I also tend to be a little unsatisfied when I get to review very good papers, because there isn't much to say. I generally end up wishing for some further extension (and commenting that it is unfair to ask for it), but beyond that what can you say? If the paper is truly good, you really don't have much to do. A good paper once inflicted a most cruel case of writer's block on me -- it was an early paper reporting a large (in those days) human DNA sequence, I we were invited to write a News & Views on it -- and I couldn't come up with anything satisfying and missed the opportunity.
That leaves the most satisfying reviews -- when a paper is quite bad. This isn't meant to be cruel, but these are the papers you can really dig into. In most cases, there is a core of something interesting, but often either the paper is horridly organized and/or there are gaping holes in it. It can be fun to take someone's manuscript, figure out how you would rearrange & re-plan it, and then write out a description of that. I try to avoid going into copy editor mode, but some manuscripts are so error-ridden it's impossible to resist. Would it really be helpful to the author if I didn't? One subject I do try to be sensitive to is the issue of authors being stuck writing in English when it is not their first language -- given that I can hardly read any other language (a fact plain and simple; I'm not proud of it) it would be unfair of me to demand Strunk&White prose. But, it is critical that the paper actually be understandable. One recent paper used a word repeatedly in a manner that made no sense to me -- presumably this was a regionalism of the authors'.
I once reviewed a complete mess of a paper and ended up writing a manuscript-length review of it. In my mind, I constructed a scenario of a very junior student, perhaps even an undergraduate, who had eagerly done a lot of work with very little (or very poor) supervision from a faculty member. The paper was poorly organized as it was, and many of the key analyses had either been badly done or not done at all. Still, I didn't want to squash that enthusiasm and so I wrote that long report. I don't know if they ever rewrote it.

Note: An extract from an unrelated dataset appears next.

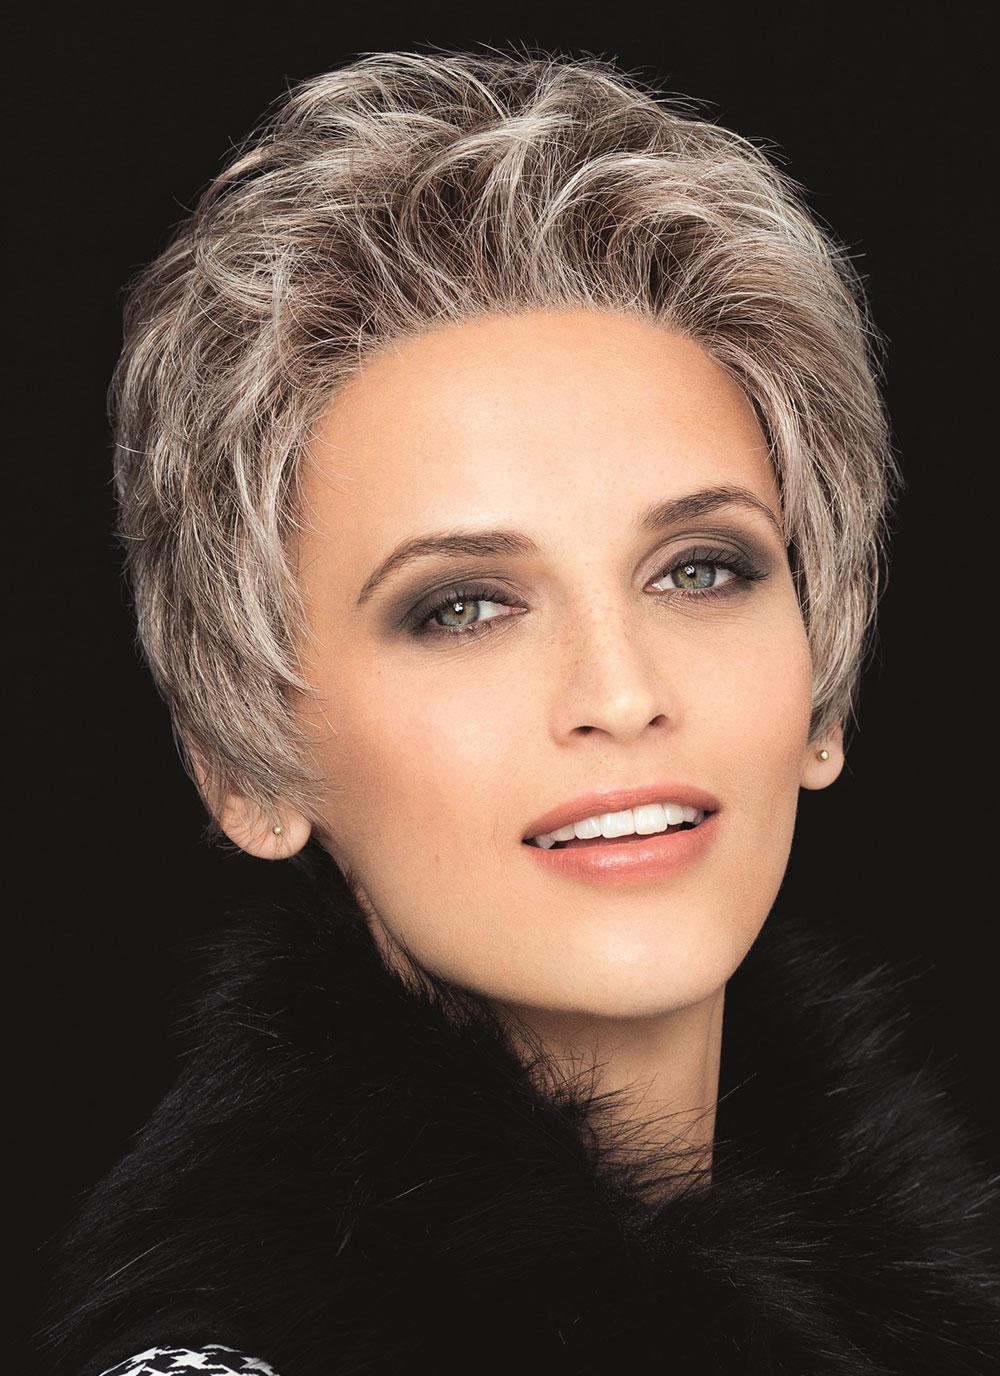 Gisela Mayer Perücke: Visconti Gold Star
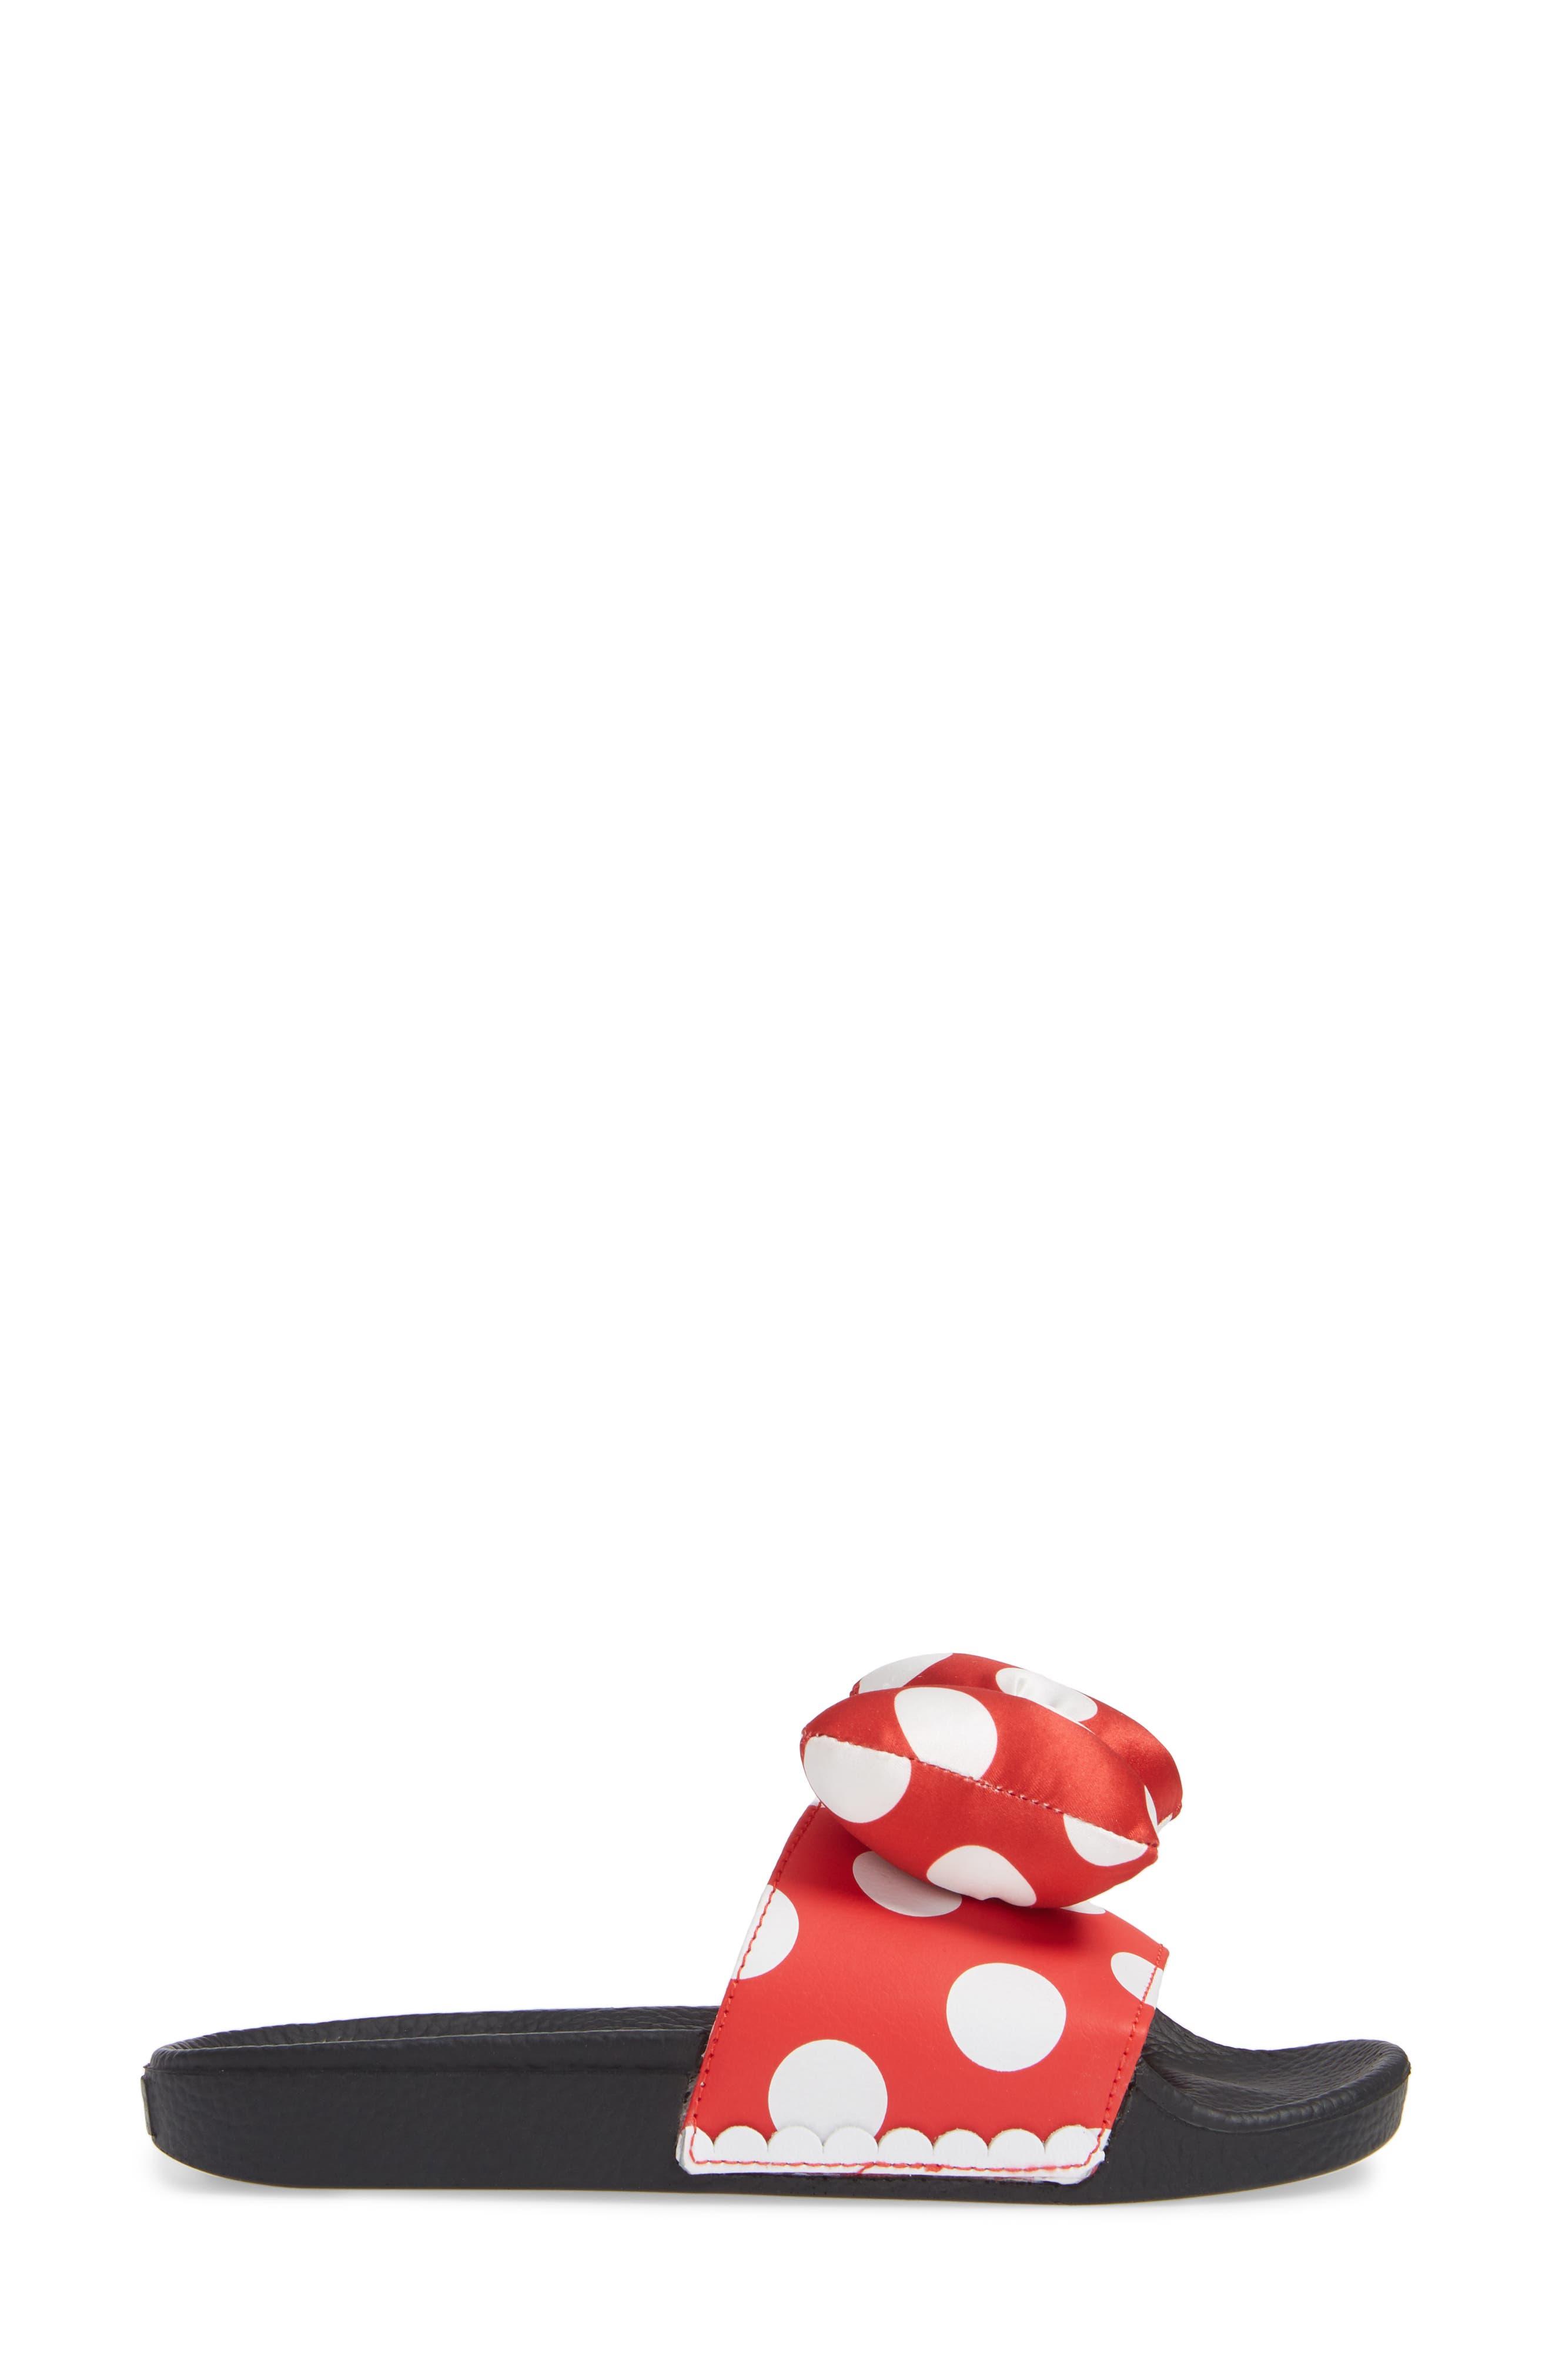 x Disney Minnie Mouse Slide Sandal,                             Alternate thumbnail 3, color,                             600

I can get very focused on the details. Visualization is important to me, so I will hammer on graphs that don't fit my Tufte-ean tastes or poorly written figure legends. Missing supplemental material (or non-functioning websites, for the NAR website issue) send my blood pressure skyrocketing.
I wouldn't want to edit manuscripts full time, but I wouldn't mind a slightly heavier load. So if you are an author or an editor, I reiterate that I'm willing to review papers on computational biology, synthetic biology, genomics and similar. I'd love to review more papers on the sorts of topics I work on now -- such as cancer genomics -- than the overhang from my distant past -- a lot of review requests are based on my Ph.D. thesis work!